Hardy v. . Hardy

93 S.E. 976 | N.C. | 1917

Under the early English and American authorities, language is a will expressive of the wish or desire of the testator as to the disposition of his property was generally held to raise a trust, or to limit the estate devised, unless a contrary intent was manifest *545 from a consideration of the whole will; but the tendency of modern authority is to reverse this rule, and to hold that precatory words "are not to be regarded as imperative unless it is (507) plain from the context that the testator so intended them."

The question is fully discussed and the authorities cited by Connor, J., in St. James Church v. Bagley, 138 N.C. 34; Clark, C. J., in Fellowes v.Durfey, 163 N.C. 305, and by Hoke, J., in Carter v. Strickland, 165 N.C. 70.

Applying this principle, we are of opinion that item 8 of the will of L. M. Hardy does not establish a trust or limit the estates devised in items 2 and 3 of the will.

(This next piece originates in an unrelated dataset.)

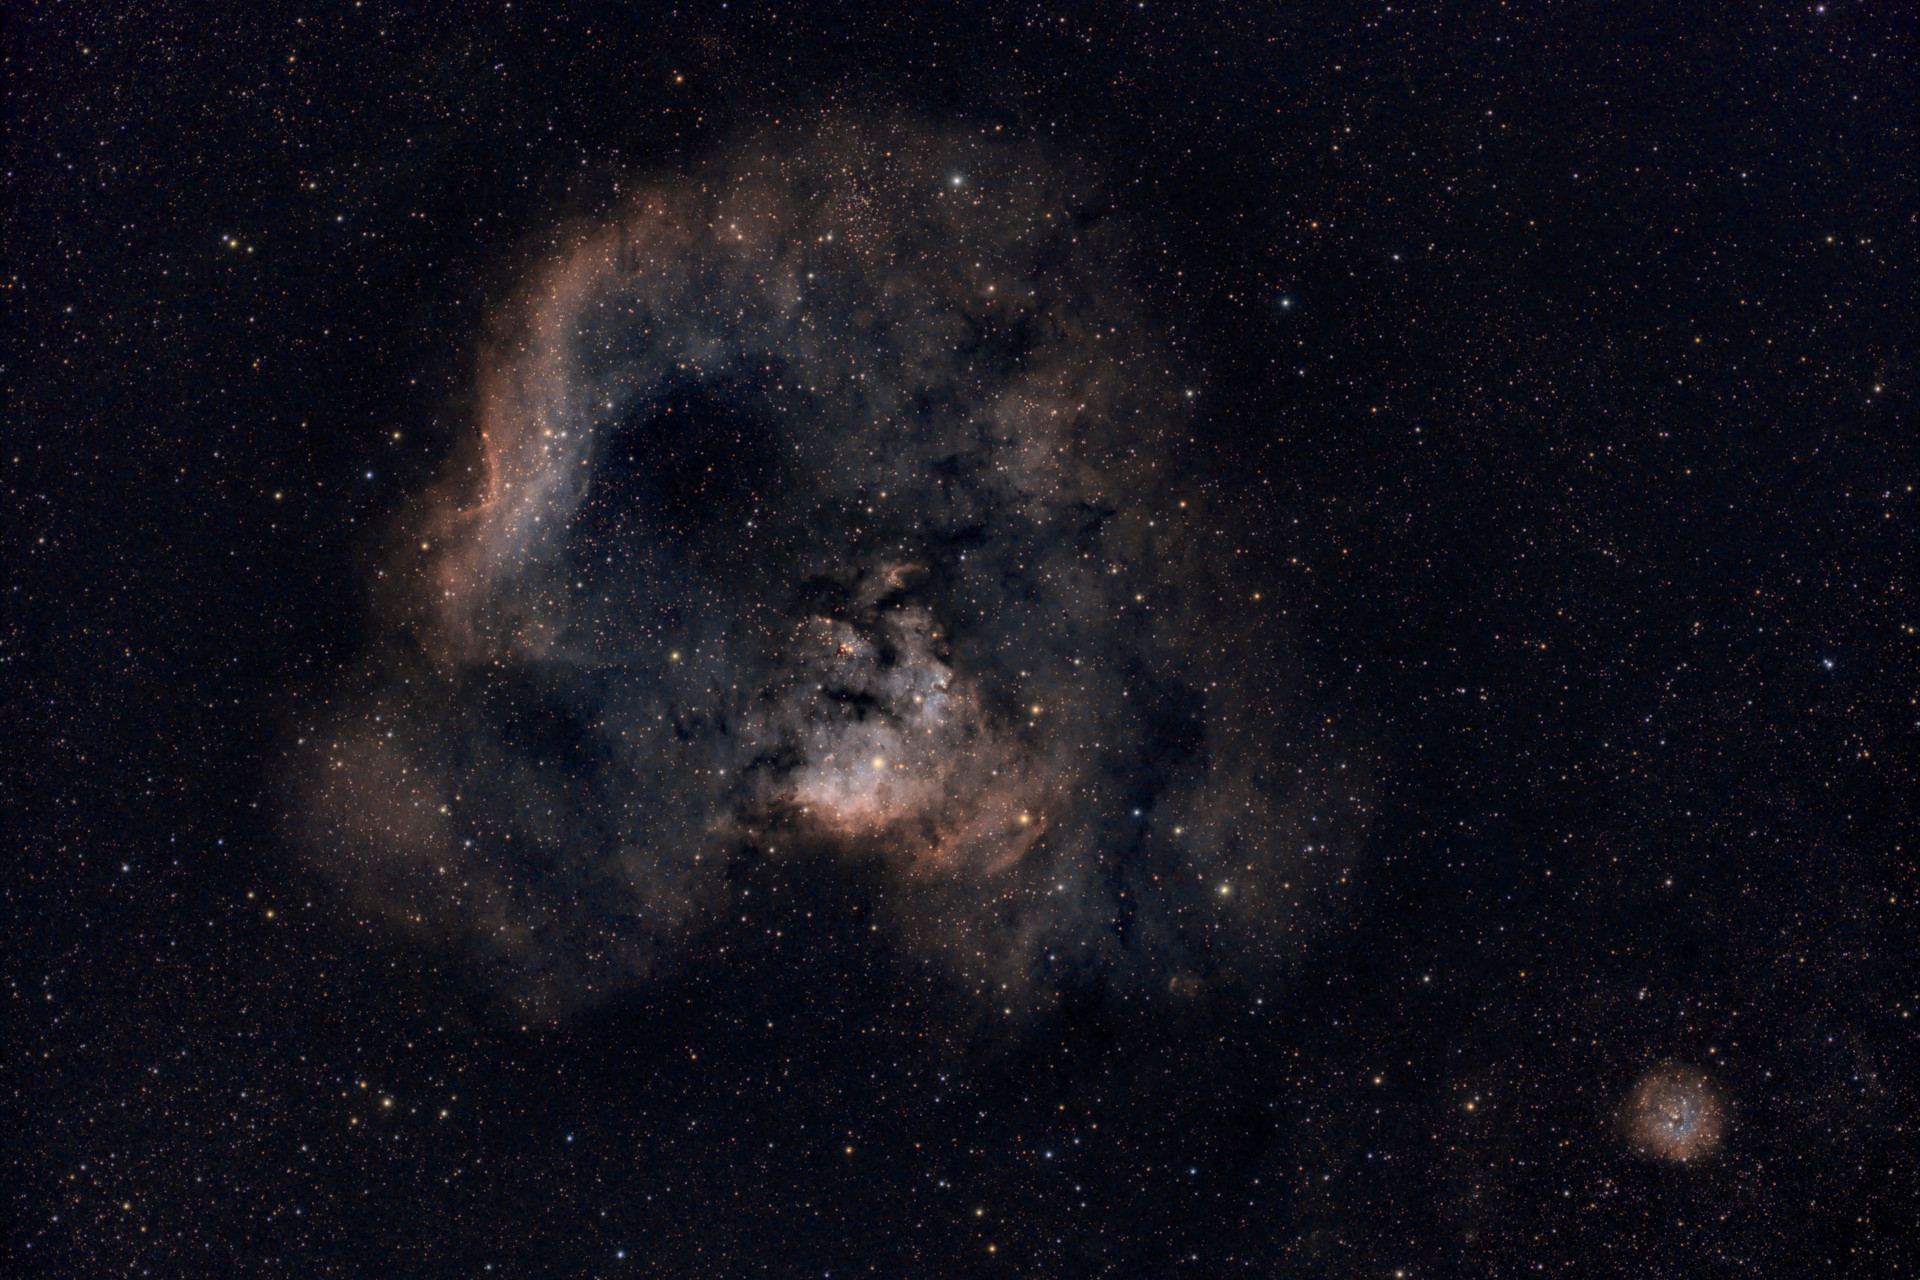 NGC 7822 - The Question Mark Nebula

It does not purport to command, but merely to express a wish, and the testator points out the way in which he hopes his desired object may be attained, which is that M. Langhorne may buy the interest of his sisters by mutual agreement. This recognizes the right of the sisters to sell at their own price, and that the son cannot acquire title except by purchase, thus showing that the desire of the testator that his son should eventually own the home place could only be carried into effect by contract between the parties, with no limitation on the right to contract, and not under any condition imposed by the testator.

He leaves them free to contract on their own terms, but hopes that they may reach an agreement and that his son may buy the home place.

Eliminating, therefore, the eighth item, there is nothing to prevent the plaintiff from conveying a good title to the land in item 2, which is devised to him absolutely; nor do we think the provision in item 3 restricts the right to sell until all the daughters reach the age of 21 years.

There is force in the contention of the defendant that the restriction upon the right to sell is meaningless, unless it was intended that no part of the land should be sold until all the daughters became 21, as no one of them could make a sale until she reached that age, in the absence of the provision, but this cannot prevail against the plain language of the will.

In the first part of the item the land is devised to the four daughters absolutely, to be equally divided among them, and there is no condition annexed to the devise, and nothing in the whole item, requiring the division to be postponed until all became 21 years old. They then had the right to partition at once, and acting upon this construction the parties have had their shares set apart to them in severalty. If so, why should the testator say that a daughter who had reached 21 years, and whose share had been allotted to her, *546 could not sell her lot until another daughter, who owned another share and had no interest in the first, became 21?

Again, the language is, "no one of these," "her interest," (508) "then should she desire to sell," "she shall give," referring to each one as she reaches 21, and not to all the daughters.

Affirmed.

Cited: Laws v. Christmas, 178 N.C. 361; Springs v. Springs, 182 N.C. 487;Greene v. Lyles, 187 N.C. 424; Brown v. Lewis, 197 N.C. 707; Dixonv. Hooker, 199 N.C. 678; Humphrey v. Faison, 247 N.C. 134.